A decisão fatídica foi tomada durante um clássico programa de gordinha tensa. Depois de tomar uma latinha de cerveja, comer um pacote de passatempo, virar um golão d’água – tudo isso uma hora depois de um X egg bacon – eu me deparei com um filme americano no SBT. Implorei que fosse minimamente suportável, porque não estava com paciência pra internet tão cedo. Bom, a minha amargura resultante dos três meses desde o fim do meu namoro mais recente (engraçado, faz três meses exatamente hoje.)  me fez ir sentindo uma raiva crescente da Hillary Duff. Sim, era a Hillary Duff! ¬¬ Que vontade de cortar os pulsos.

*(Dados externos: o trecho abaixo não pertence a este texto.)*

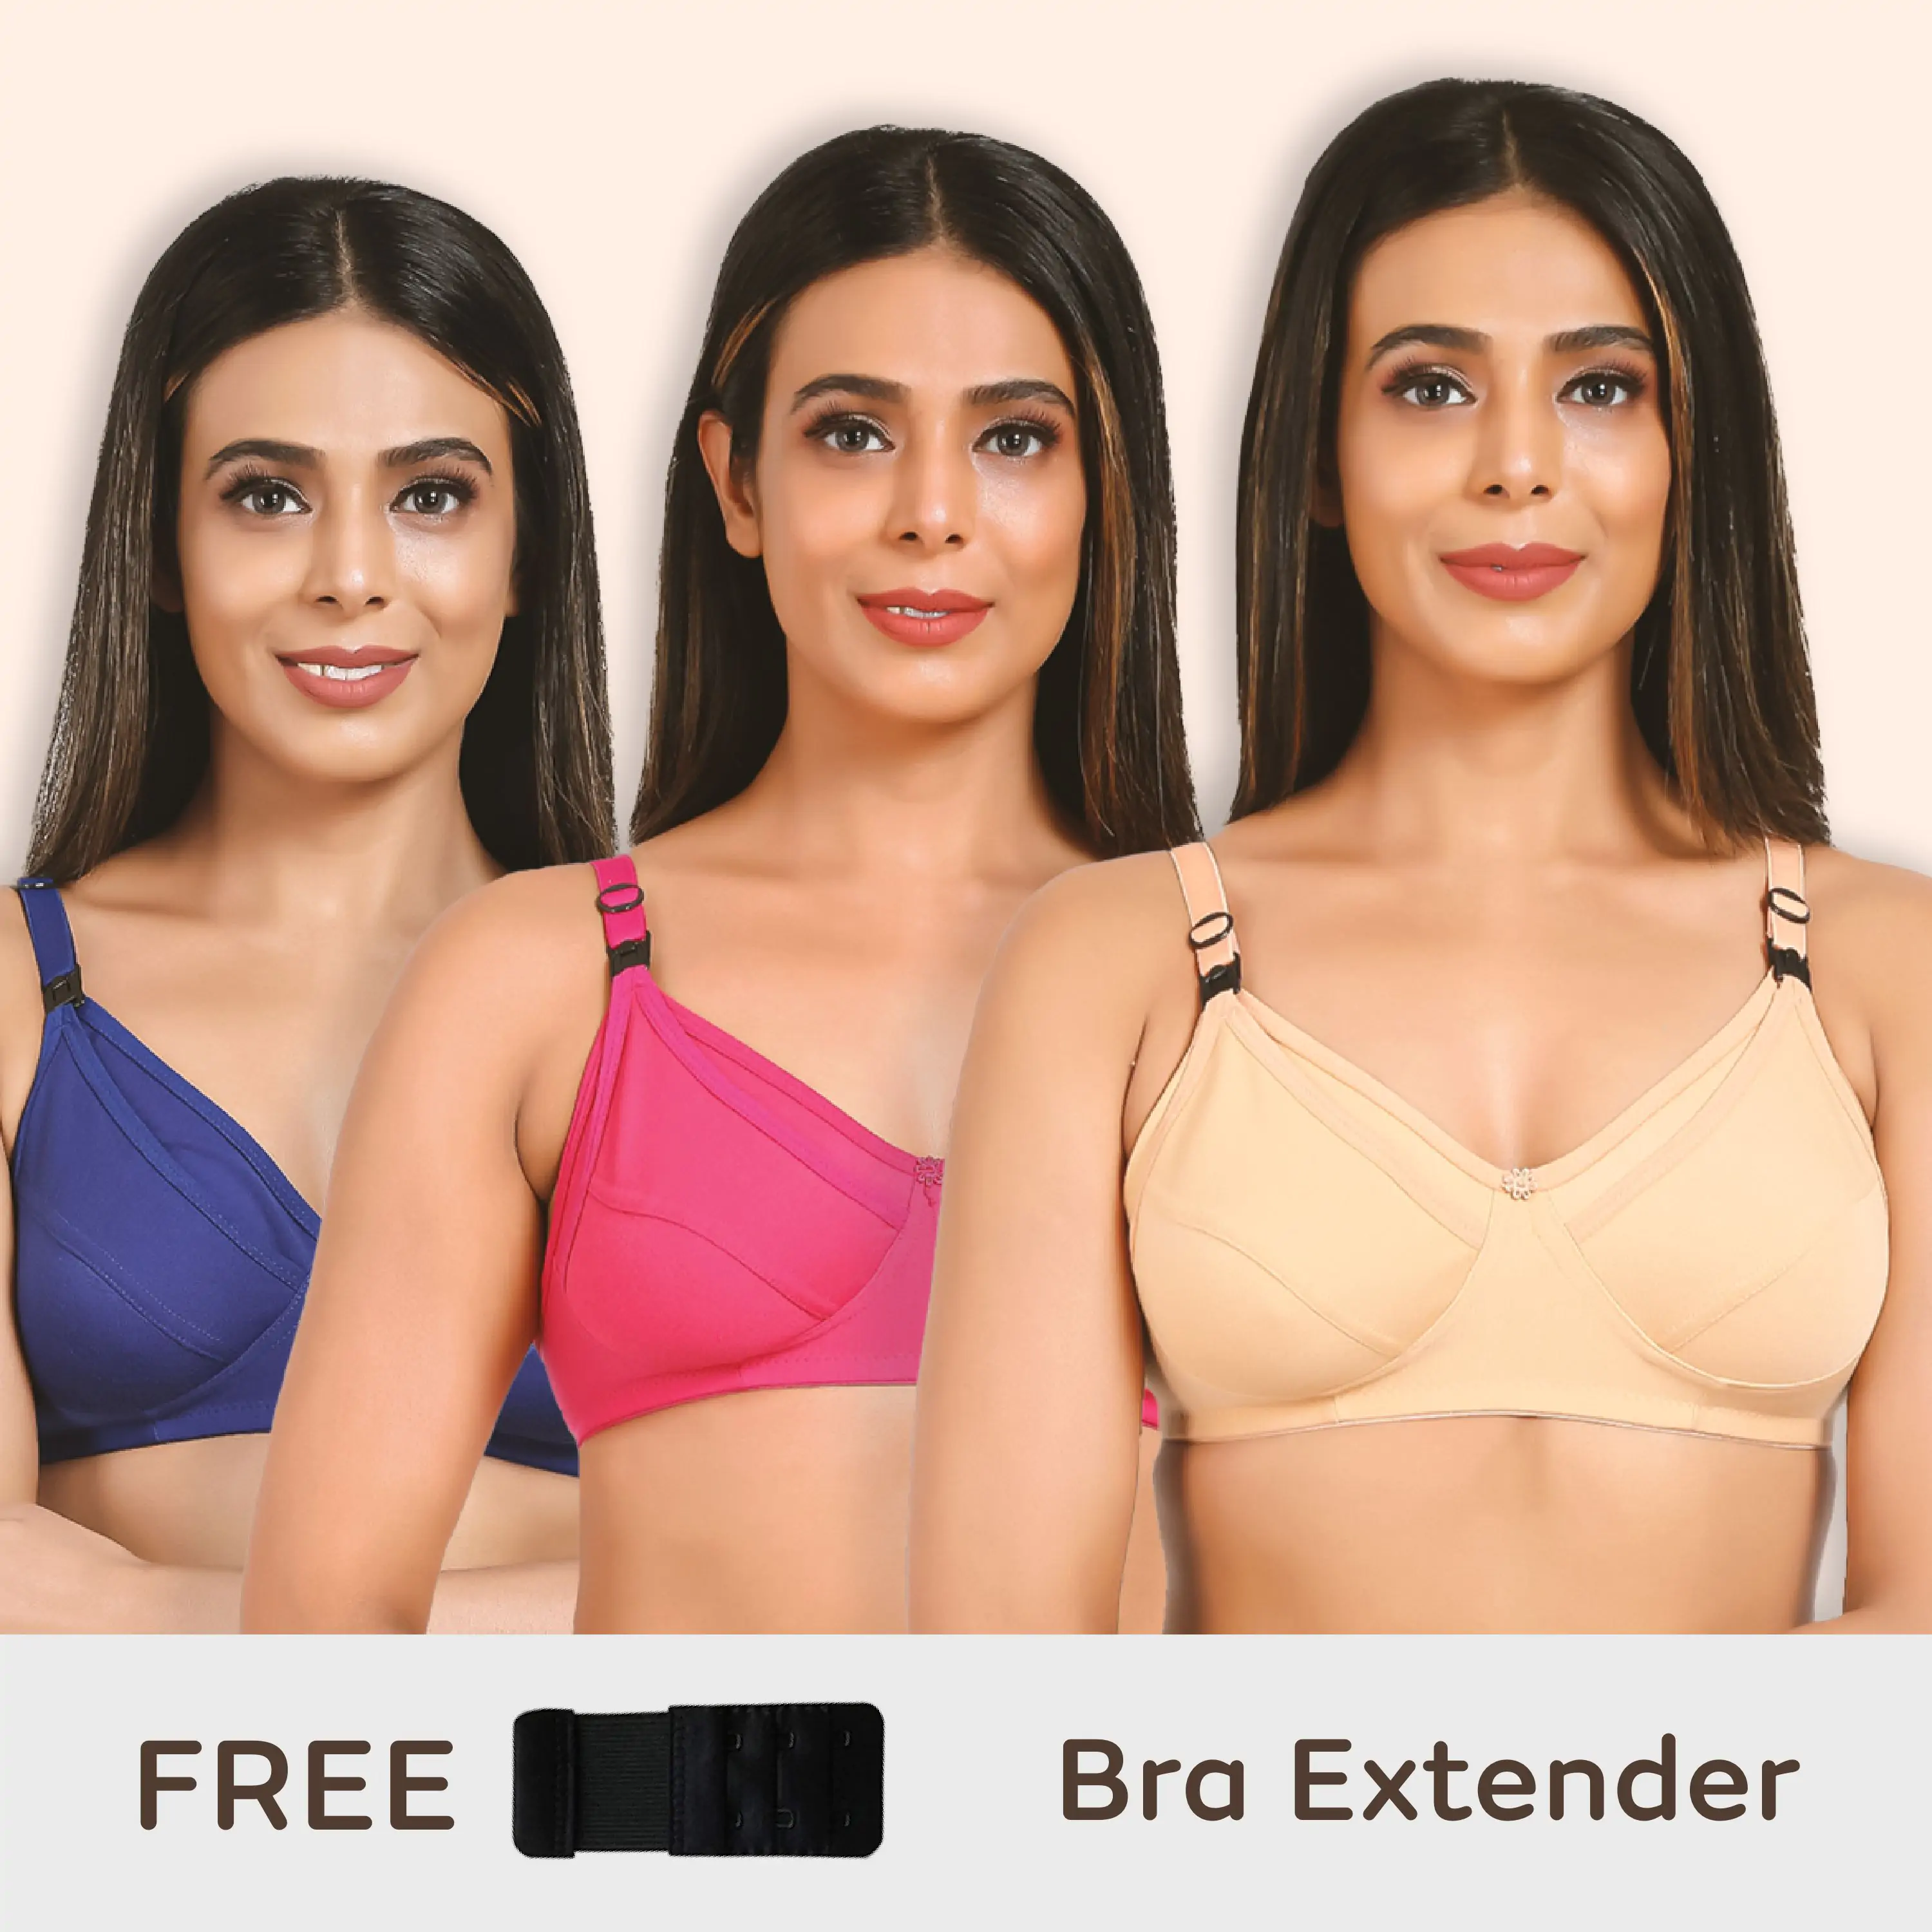 Maternity/Nursing Bras Non-Wired, Non-Padded - Pack of 3 with free Bra Extender (Sandalwood, Persian Blue & Dark pink) 32 B

Pois bem. Ela estava lá, na sua cena de Cinderella, prestes a beijar o menino que fez um tal de Lucas em One Tree Hill, com um vestido de noiva, uma máscara, recebendo uma rosa, enquanto eu me questionava perguntando a mim mesma em qual seria a porcentagem do que o garoto dizia que eu levaria a sério, se estivesse no lugar dela. Puts, tenho feito esse exercício em todos os filmes que vejo, e basicamente em todas as histórias envolvendo romance, e sempre percebo que chego perto dos 10%.

O que isso tem a ver com criar um blog?

Bom, foi a única coisa menos deprimente do que ficar lá e ver o final do filme na qual eu consegui pensar. Agora eu estou falando do filme americano NO blog, o que provavelmente é duas vezes pior. Outro questionamento que me fiz foi: pra quê fazer um blog, já que eu não posso falar a mesma coisa que no diário, que aceita tudo, e já que ninguém está interessado em ler reminiscências pessoais? Todo mundo que faz blogs geralmente tem algo a dizer pro mundo; e a verdade é que, se me dessem um microfone de alcance infinito, eu acho que eu só gritaria bem alto.

Acho que tenho mais coisas pra dizer pra mim mesma. Tenho muitos projetos de auto descobrimento que nunca levo a cabo; mas ai. Talvez eu tenha feito a escolha certa ligando o computador, afinal.  Li uns blogs outro dia, sem motivo especial. Apenas porque eram pessoas que eu conhecia. Acabei pensando que era um modo de saber como elas estão sem ficar enchendo o saco delas no msn. O blog que suscitou isso é de um aluno de inglês meu, bem escrito e interessante.

Fato é, veremos até onde vou com isso.